Structural Validity Analysis
We performed EFA on group A using maximum likelihood estimation with Promax rotation (154/326, 47.2% of the participants). The KMO value was 0.83, and the Bartlett test was significant (P<.001). Table 3 shows the results of the EFA. EFA suggested a 2-factor solution. After discussion among the team members, we named the factors as follows: factor 1 was AI anxiety and aversion, and factor 2 was AI optimism and acceptance.

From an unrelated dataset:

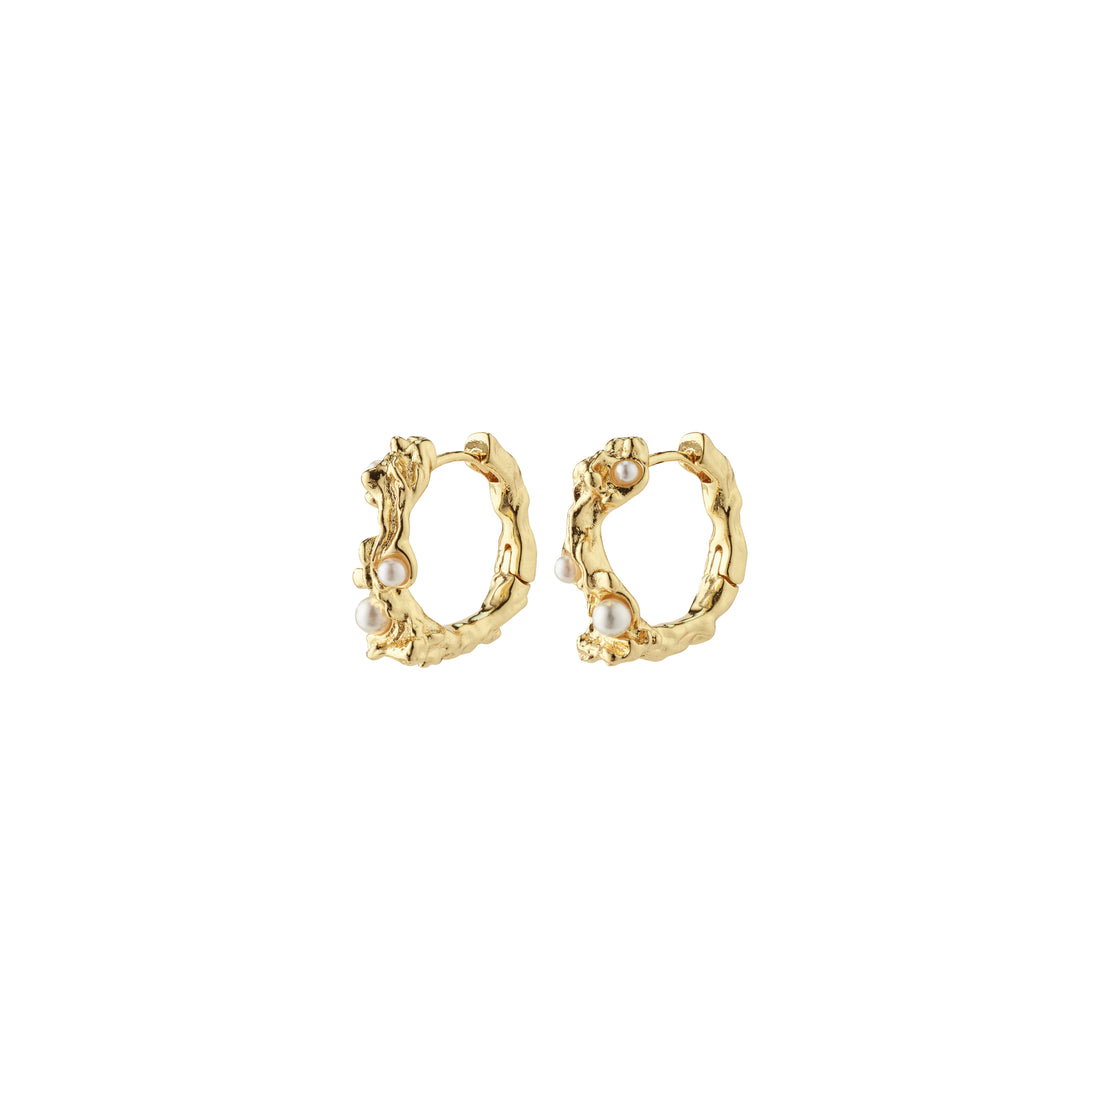 RAELYNN recycled earrings- PILGRIM

We then performed CFA on group B (the remaining 172/326, 52.8% of the participants) using the maximum likelihood estimator method. The 2-factor model suggested by the EFA yielded better goodness-of-fit results (CFI=0.914; RMSEA=0.075; SRMR=0.056) than the 1-factor model (CFI=0.804; RMSEA=0.113; SRMR=0.078). Multimedia Appendix 3 shows the CIs for the RMSEA. Figure 1 shows the path diagram. Therefore, we adopted the 2-factor model.
Factor structure of the Japanese version of the 12-item Attitudes Towards Artificial Intelligence scale (confirmatory factor analysis). Ellipses indicate latent variables (factors). Rectangles indicate observed variables (items). Values on single-headed arrows indicate standardized factor loadings. Values on double-headed arrows indicate correlation coefficients.
Convergent Validity Analysis
We computed the Pearson correlation coefficient between the ATTARI-12 scores and the attitude toward robots scores. The coefficient value was 0.52 (P<.001), which indicated a positive correlation between these 2 scores.
Internal Consistency Reliability Analysis and Descriptive Statistics
Table 4 shows the descriptive statistics with the Cronbach α values. The Cronbach α for all 12 items was 0.84. The Cronbach α values for factors 1 and 2 were 0.80 and 0.76, respectively. These values were above the cutoff (0.70).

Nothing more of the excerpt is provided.